Catatan MaHe

:: Bolu Pandan ::

dibangunkan oleh lengkingan kambing-kambing yang siap tengah di potong untuk Qurban minggu depan, aku terjaga dari tidur ku yang memang sudah saatnya untuk memulai aktifitas siang hari, malam hari sudah terlewat beberapa jam yang lalu. Aku tidur mengambil jatah kegiatan siang hariku. well.. karena aku tidak mempunyai plan kmana2 pagi ini.

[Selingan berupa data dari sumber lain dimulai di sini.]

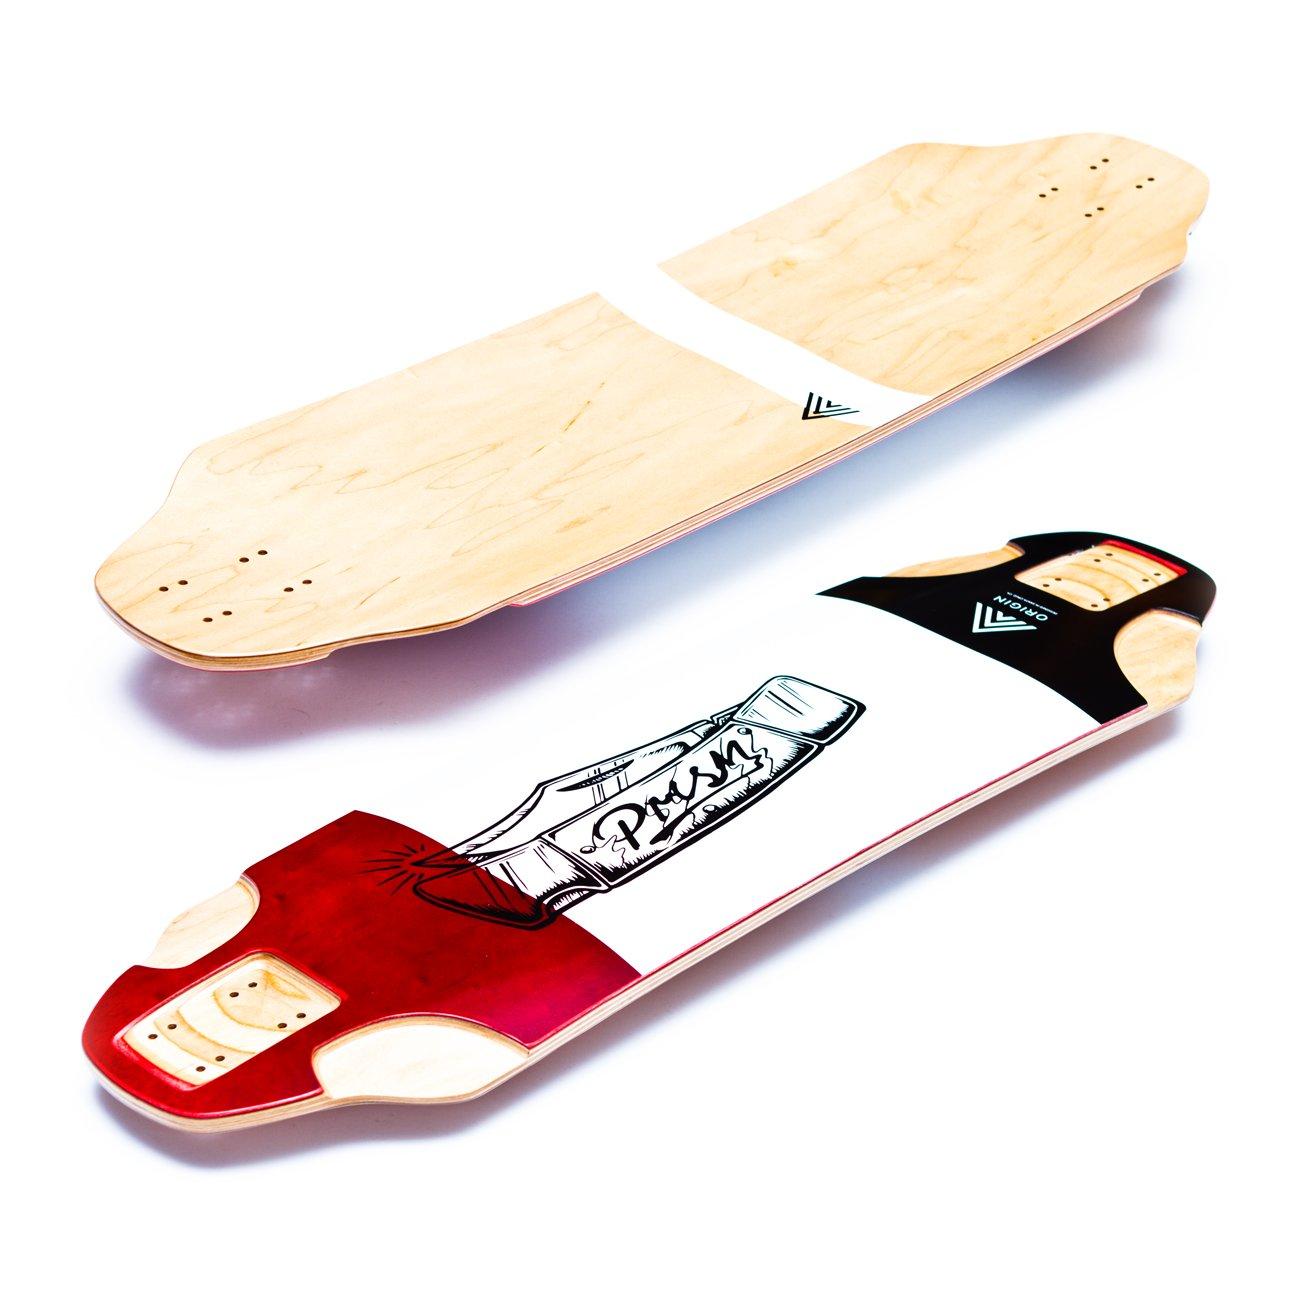 PRISM Skate Co. – Origin V2. Vyprodaný. Previous  Next 15b1296c434

Aku mencium aroma bolu pandan pagi ini, entah dari mana, padahal tidak ada yang tengahmemangganya. begitu ku membuka mata, saraf sensorik ku mendeteksi aroma bolu hijau yang teramat lezat itu, dan seketika membawa fikiranku pada sensasi ketika membaca supernova dan tengah berada di bab Diva yang tengah menjamu ferre di kebun kecilnya. tahu kah kamu, membaca buku itu sama nikmatnya dengan menikmati bolu pandan hangat pada suatu sore hari ditemani satu cangkir teh camomile.
ngomong-ngomong lengkingan kambing-kambing itu kurasakan tidak seperti biasanya. kali ini lebih tipis, lebih mendengus, parau dan seperti menyimpan kegalauan. entahlah, apa itu hanya perasaan ku saja? apapaun itu yang pasti mengingatkan ku kembali pada memori bertahun-tahun yang lalu di tasikmalaya, ketika akan ada pemotongan hewan Qurban, aku selalu menyaksikan bagaimana hewan itu di giring ke gawang penjagalan, lalu kaki-kaklinya mulai dililiti tali, lantas ditarik menjadi satu ikatakn yang rapat antara kaki depan dengan kaki depan, dan kaki belakang dengan kaki belakang. ‘Brukkk’!
sang hewan Queban pun terbaring ke tanah dengan berdebum, tempo hari yang akiu lihat adalah penyembelihan Sapi.
Al : ‘ Karunya eung.’
Teman1: ‘ Tempo panon na, ceurik! ‘
Teman 2:’ Naha nya henteu kokosehan atawa ngamuk? sigana teh pasrah meureun nya?
teman 1 : ‘ Enya pan geus pasrah, manehna geus apaleun rek dikurbankeun.

– Kasiihan ya?
-lihat matanya, menangis
-kenapa kok tidak berontak? sepertinya pasrah ya?
-iya kan sudah pasrah, dia udah tahu mau di qorbankan.

si penjaga mulai mendekat dengan kilatan mata pisau di tangan kanan nya. akinya memsang kuda-kuda. si Sapi mengatupkan matanya sekali, kulihat bulumatanya basah. hatiku miris.. lalu si jagal mencengkram kulit leher si sapi, lantas menempelkan pisau tajamnya.
‘kresss…… Nguuuuuuuhhhh….’
Aku tidak menamatkan menyaksikan pembantaian yang menjadi tontonan itu. sapi itu yang di sembelih, kenapa aku yang sakit?